Someone Else Claimed My Dependent

Did the IRS reject your tax return because someone else claimed your dependent?

Claiming a dependent is usually pretty simple: you give the IRS their social security number, certifying that your relationship with that person satisfies a few simple rules.

Things can get more complicated, especially if someone else also claims the same person as a dependent. If they file their return first, the IRS will assume it’s legitimate and award them the full tax benefit of the dependent. When you attempt to e-file your return, it will be rejected.

What can you do then?

The process is fairly straightforward. After your e-filed return has been rejected because someone else claimed the same dependent, you need to file a paper return. You can still prepare your return online. Instead of e-filing, you will need to print it out, sign it, and mail it to the IRS.

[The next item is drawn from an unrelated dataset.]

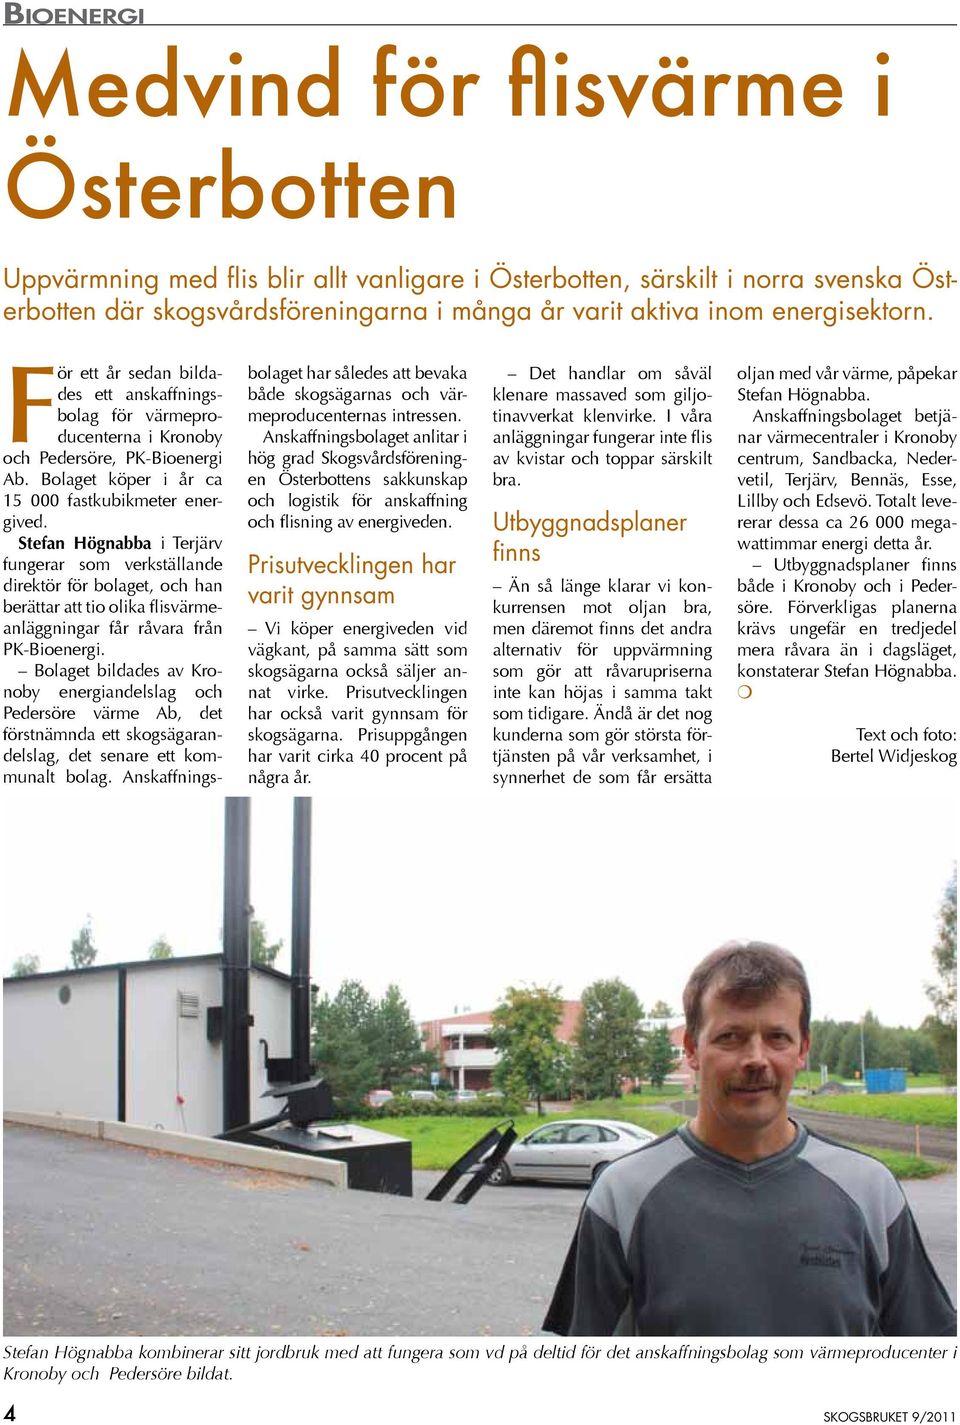 Stefan Högnabba i Terjärv fungerar som verkställande direktör för bolaget, och han berättar att tio olika flisvärmeanläggningar får råvara från PK-Bioenergi.

With your return, include a cover letter explaining your situation to the IRS as well as evidence proving that you have the right to claim the dependent (ie: medical records, school records, etc.).

The IRS will then review both returns claiming that dependent and determine which person should be claiming the dependent based on tax law.

The first thing to do is to make sure that you actually can claim the person in question as a dependent. There are two types of dependents, qualifying children and qualifying relatives, and both have different requirements.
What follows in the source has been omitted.